Phend: Looking at some of the other monoclonal antibodies to see what they cost per year, the PCSK9s aren't as high as some of the others, for example, what you'd use for rheumatoid arthritis. It doesn't seem like they have quite as bad a time getting approved as these.

O'Neill: I think they look at the market size and look at the millions of patients that could theoretically be eligible for the drug and they're having sticker shock.

Phend: Now with the FOURIER results, do you think that's going to make any difference?

O'Neill: I think it's going to help because the one big drawback that was not present before was, although the original ... trials showed a big reduction in cholesterol and their GLAGOV study showed a decrease in plaque size, there wasn't really any proof that hard endpoints were reduced. So the insurance companies could sort of stand under that shield that you haven't really proven that it really helps patients. It drops their cholesterol. There's so much data right now showing that LDL cholesterol has a profound adverse consequence in cardiovascular systems that it's a Flat Earth Society to say that there isn't a benefit from safely lowering LDL cholesterol. So now FOURIER shows that there's hard benefit, so that excuse for not reimbursing is gone.

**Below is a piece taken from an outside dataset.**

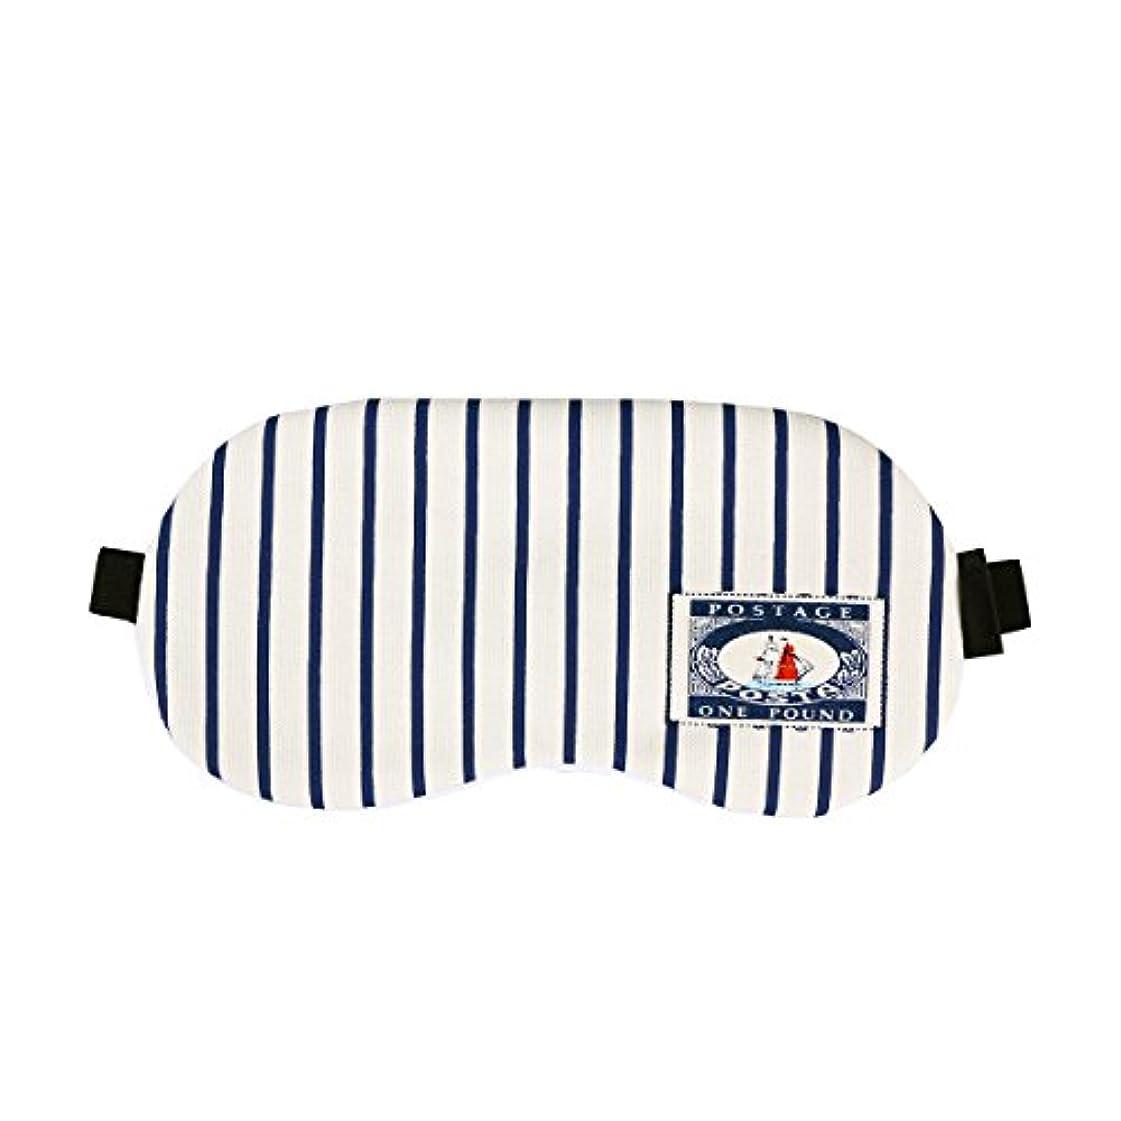 ジャムレルム自分自身HEALLILY コットンアイスリーピングマスクかわいいアイマスクレストスリーピングマスクアイパッチ目隠し旅行用Sleeping Aid(ストライプ)
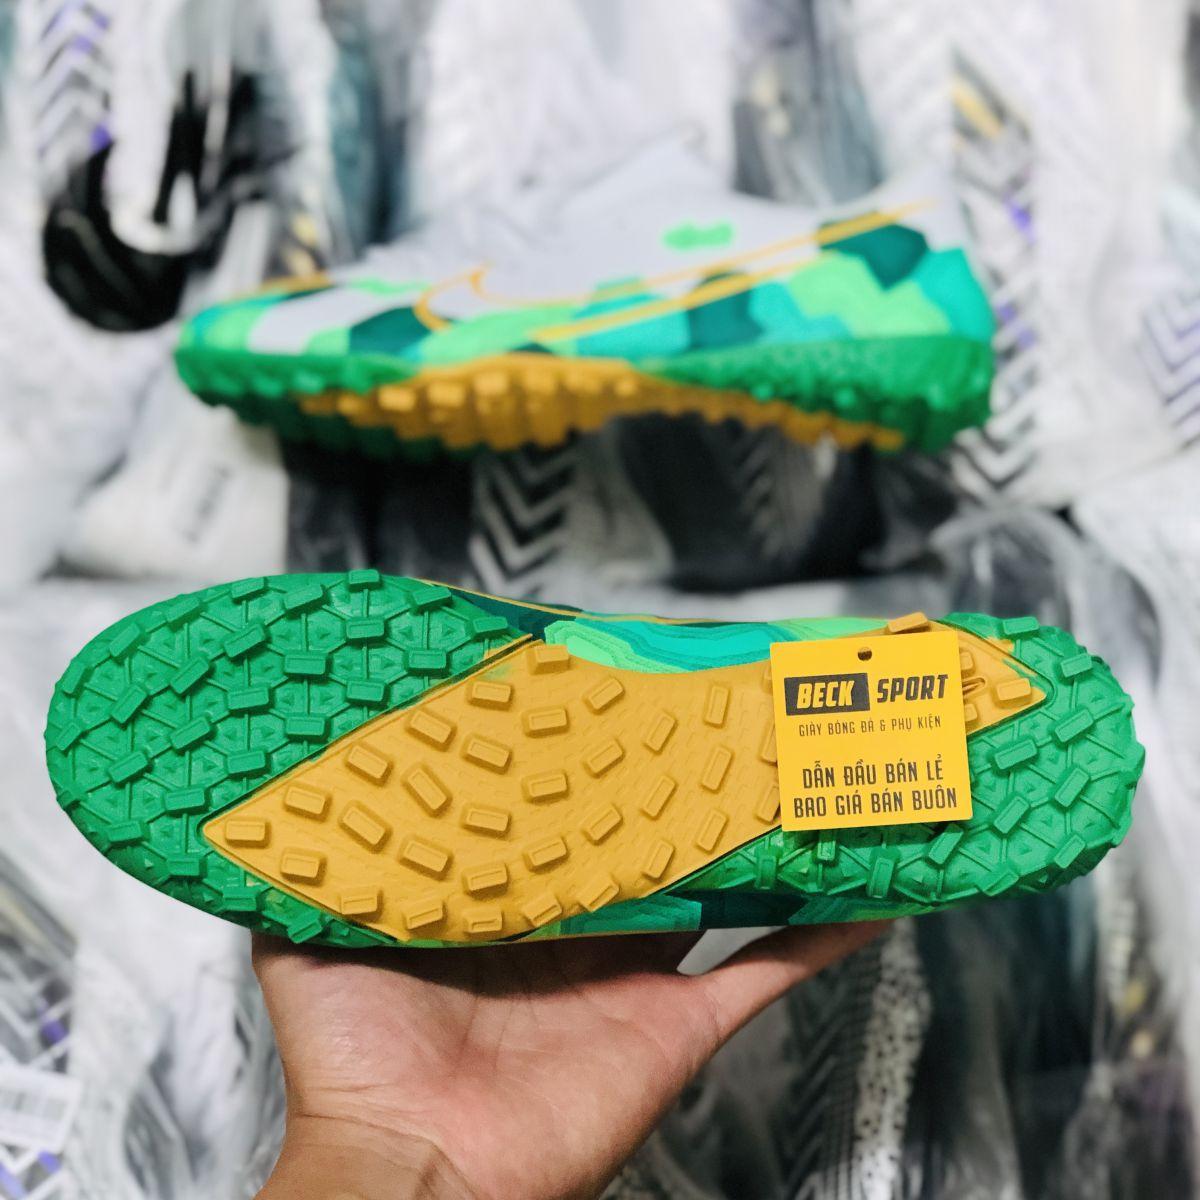 Giày Bóng Đá Nike Mercurial 13 Academy Trắng Xanh Lục Vạch Vàng TF

Phend: But the magnitude of the effect could be an issue.

O'Neill: But it's only a 2-year therapy. If you saw, the curves are splaying and they've only gone out to 2 years. So if you continued the trial for 5 years, you'd see a huge reduction in events.

Phend: With the number needed to treat and the cost per patient per year, it seems like there would be a huge price to prevent one event.

O'Neill: I don't think that's really where the best application is. I think the best application is in people who can't or won't take statins. Because those patients are not taking anything and their LDL is through the roof. And the drug is incredibly safe. Again on a personal basis, it's safe, it's easy to tolerate, and it's easy to use, and the compliance is going to be very high because you have to use it once a month.

As a physician, the patients I'd really like to treat are the people who are having side effects or problems taking statins and who have LDL cholesterols way over 200. In those patients the event rates are very high and the number needed to treat would be much lower. This is a trial where you superimpose high doses of statins and added evolocumab [Repatha] to that. The real true benefit is going to be in patients who can't take statins.